Causes of central nervous system DSS can be injuries, infections, intoxication, mental and nervous disorders, stress. A manifestation of cerebral ZPR may be anorexia nervosa, i.e. refusal of food. In these patients, the level of gonadotropins in the blood decreases sharply, while the potential capacity of the pituitary gland to secrete gonadotropins is maintained.

Pathogenesis during Delayed Sexual Development in Girls

The constitutional form of the CRA, as in the case of CAP, is hereditary.

The ovarian form of CRA is extremely rare and is accompanied, as a rule, by a decrease in the follicular apparatus. Such ovaries are called hypoplastic or insensitive, resistant to gonadotropic stimulation. It is possible that the transferred infections and intoxications play a role in the pathogenesis of this pathology.

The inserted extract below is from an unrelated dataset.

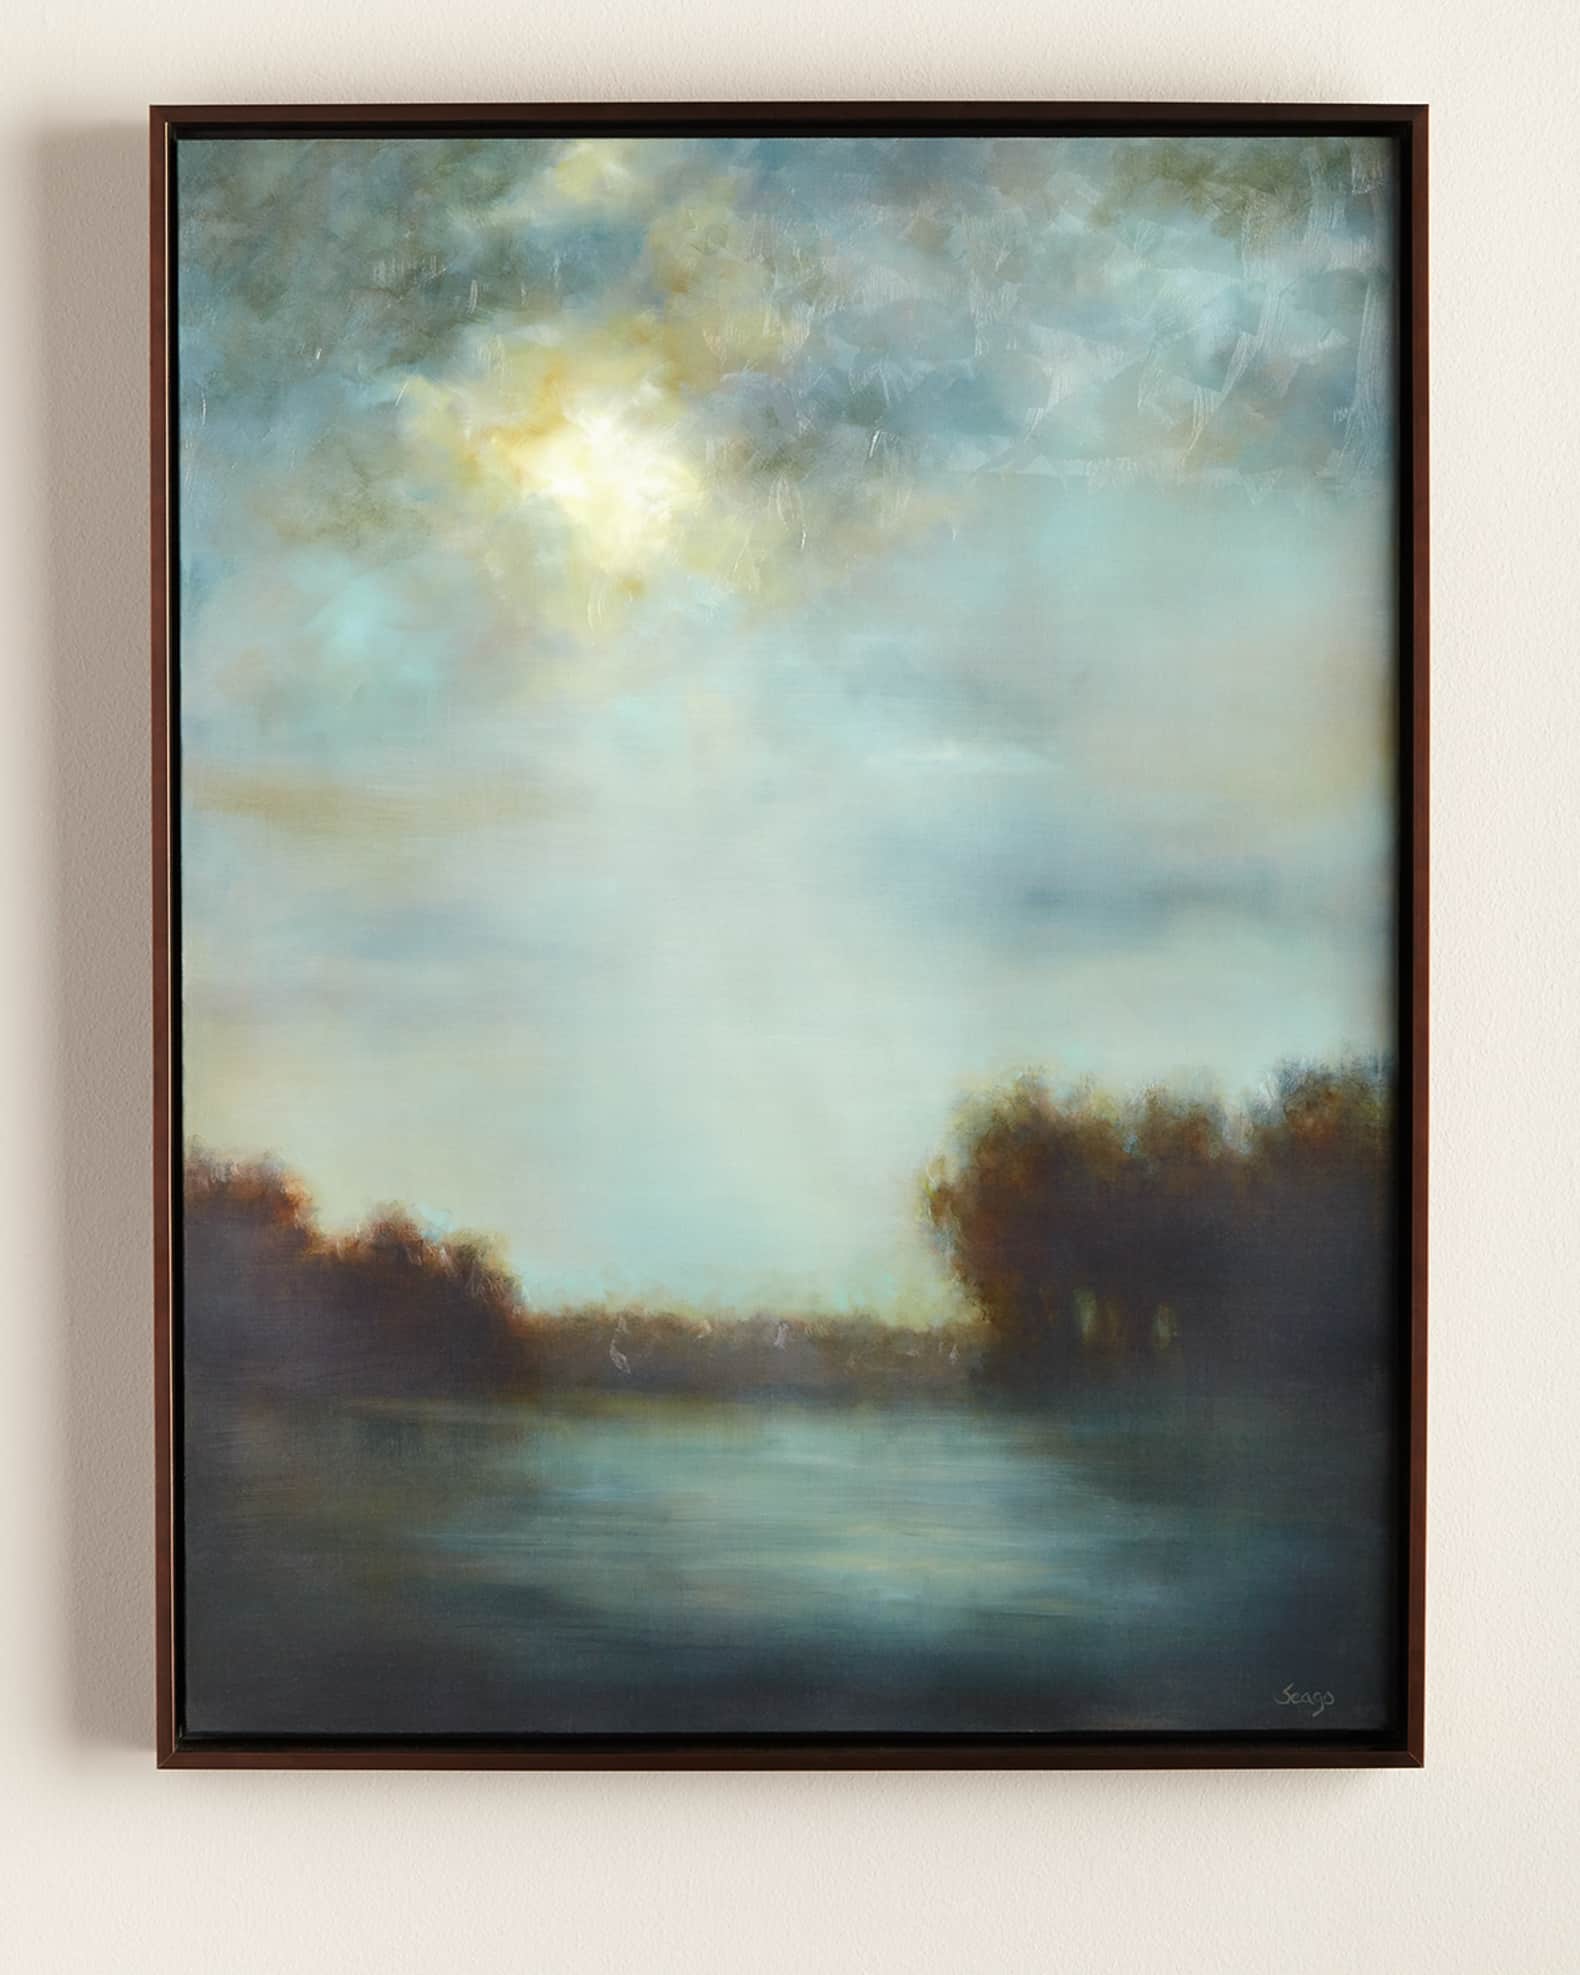 John-Richard Collection "Breaking Light" Giclee on Canvas Wall Art by Lisa Seago

Symptoms Delayed Sexual Development in Girls

Patients with ZPR differ from their peers by the insufficient development of secondary sexual characteristics and the absence of menstruation. Build eunuchal: tall, long arms and legs with a short torso. Bone age corresponds to the passport or slightly behind him. Gynecological examination noted hypoplasia of the external and internal genitalia. Sharp weight loss leads to the cessation of menstruation, and if there is no menarche, then there is primary amenorrhea.

CRA is not always a manifestation of a pathology. Thus, the constitutional form has a hereditary, family character. In these girls, menarche occurs at the age of 15-16, but later on menstrual and reproductive functions are not impaired.

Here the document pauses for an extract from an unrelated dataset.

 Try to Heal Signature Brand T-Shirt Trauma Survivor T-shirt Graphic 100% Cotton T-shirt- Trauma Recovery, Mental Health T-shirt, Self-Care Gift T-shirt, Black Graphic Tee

Diagnosis of Delayed Sexual Development in Girls

A survey of patients with CRA aimed at establishing the level of damage to the reproductive system. The anamnesis, a constitution and development of secondary sexual signs are of great importance. At suspicion on ZPR of the central genesis, a neurological examination (EEG, REG, Echo EG) is necessary. As additional methods, radiography of the skull and the Turkish saddle, ultrasound scan of the pelvic organs, determination of the level of hormones in the blood, as well as laparoscopy with ovarian biopsy and karyotyping are used.

Treatment of Delayed Sexual Development in Girls

In case of a disease of central genesis, the therapy should be comprehensive, aimed at normalizing the function of the diencephalic region, and is carried out in conjunction with neuropathologists and psychiatrists. Treatment of ZPR in combination with anorexia nervosa or weight loss is based on the organization of diet, general strengthening and sedative therapy. The ovarian form of CRA requires hormone replacement therapy with synthetic progestins.